We provide below the Company's response to the comments made in the Commission's Comment Letter. We confirm that the factual information provided herein relating to the Company has been made available to us by the Company. We confirm that the disclosure changes described below will be made in the actual Form 10-Q/A (Amendment No. 1) (the "Amended Form 10-Q") when filed with the Commission. We confirm that the Company intends to make such filing as soon as the Commission confirms that its comments have been resolved to its satisfaction.
Commission Comment:
Form 10-Q for Fiscal Quarter Ended September 30, 2011
Management's Discussion and Analysis
Liquidity and Financial Resources, Page 11
1. We note your disclosure that you are currently in default of your obligations under the senior project financing facility, with an outstanding balance of $23,257,826, and several other debt obligations totalling $22,106,652 are due within one year.
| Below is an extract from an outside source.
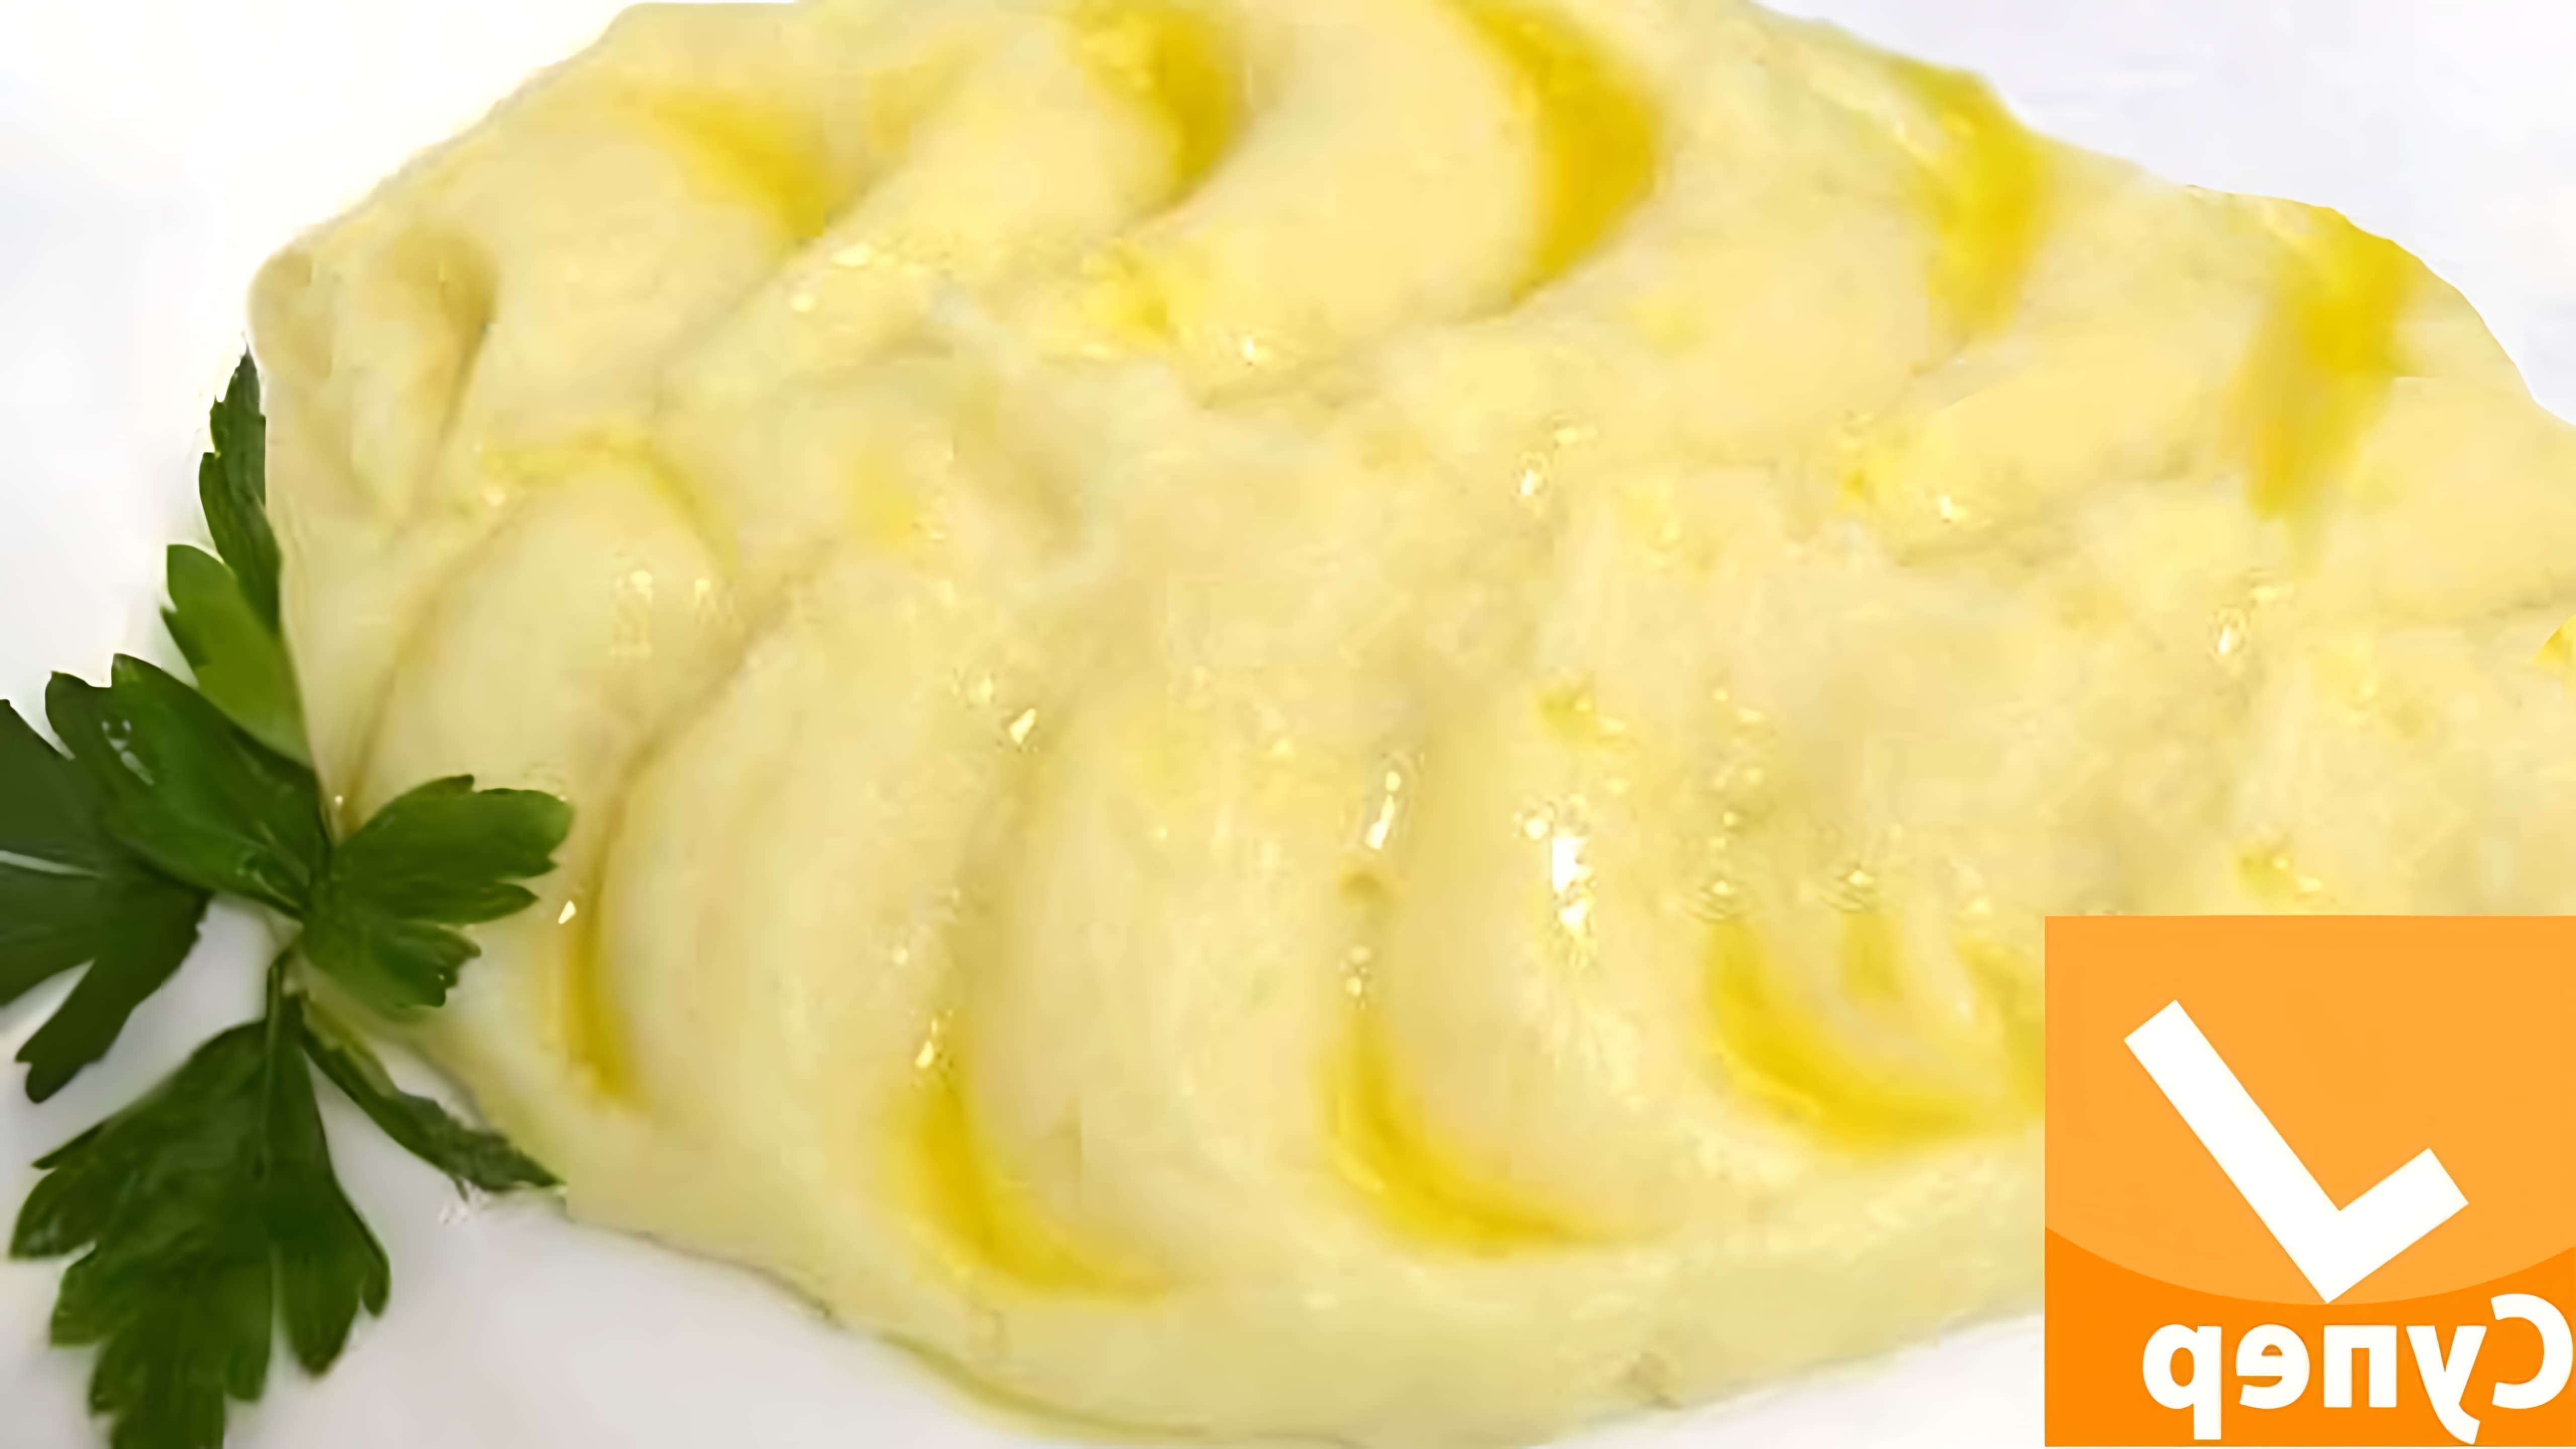 В этом видео демонстрируется рецепт приготовления картофельного пюре с молоком и маслом

Considering (i) your cash balance of $338,000 at September 30, 2011 (ii) your incurred losses during the year ended December 31, 2010 and for the nine months ended September 30, 2011, (iii) you had a working capital deficiency of $49,766,551 at September 30, 2011, (iv) you have temporarily suspended the mining and crushing of ore at the Johnson Camp Mine and (v) you don't have any other credit line or borrowing facility available to fund your operations, please revise to include a robust discussion of how you plan to fund your operations for the next twelve months. Your current disclosures are generic and provide no insight into your plans. Your revised disclosure should clearly explain management's plans to ensure that you meet your liquidity needs and to improve your working capital position, including ramifications to your business if such plans are not successful. Your revised analysis should also provide an explanation for the significant change in accounts payable, accrued expenses, derivative contracts payable and other factors that had a significant impact on your cash flow position. Refer to the guidance in Item 303(b) of Regulation S-K and SEC Release 33-8350.
Company Response:
The Company proposes to include the Amended Form 10-Q more detailed management's discussion and analysis disclosure in Part I, Item 2, to clarify that: (a) the Company is maintaining its current infrastructure in order to maintain current operations and be in position to ramp up full mining operations if we are successful in closing a substantial capital infusion for the proposed construction of a new leach pad (which cannot be assured); (b) its net losses for the nine month periods ended September 30, 2011 and 2010 include realized losses on the settlement of copper derivative contracts; (c) the Company's current operations are funded through the sale of copper produced from residual leaching of existing inventory, and outstanding accounts payables from prior periods are being financed as cash flow becomes available and with informal arrangements with material vendors and service providers; and (d) absent the planned expenditures on the new leach pad proposed by the Company or any unforeseen change in circumstances, the Company does not anticipate any material capital expenditures over the next twelve months.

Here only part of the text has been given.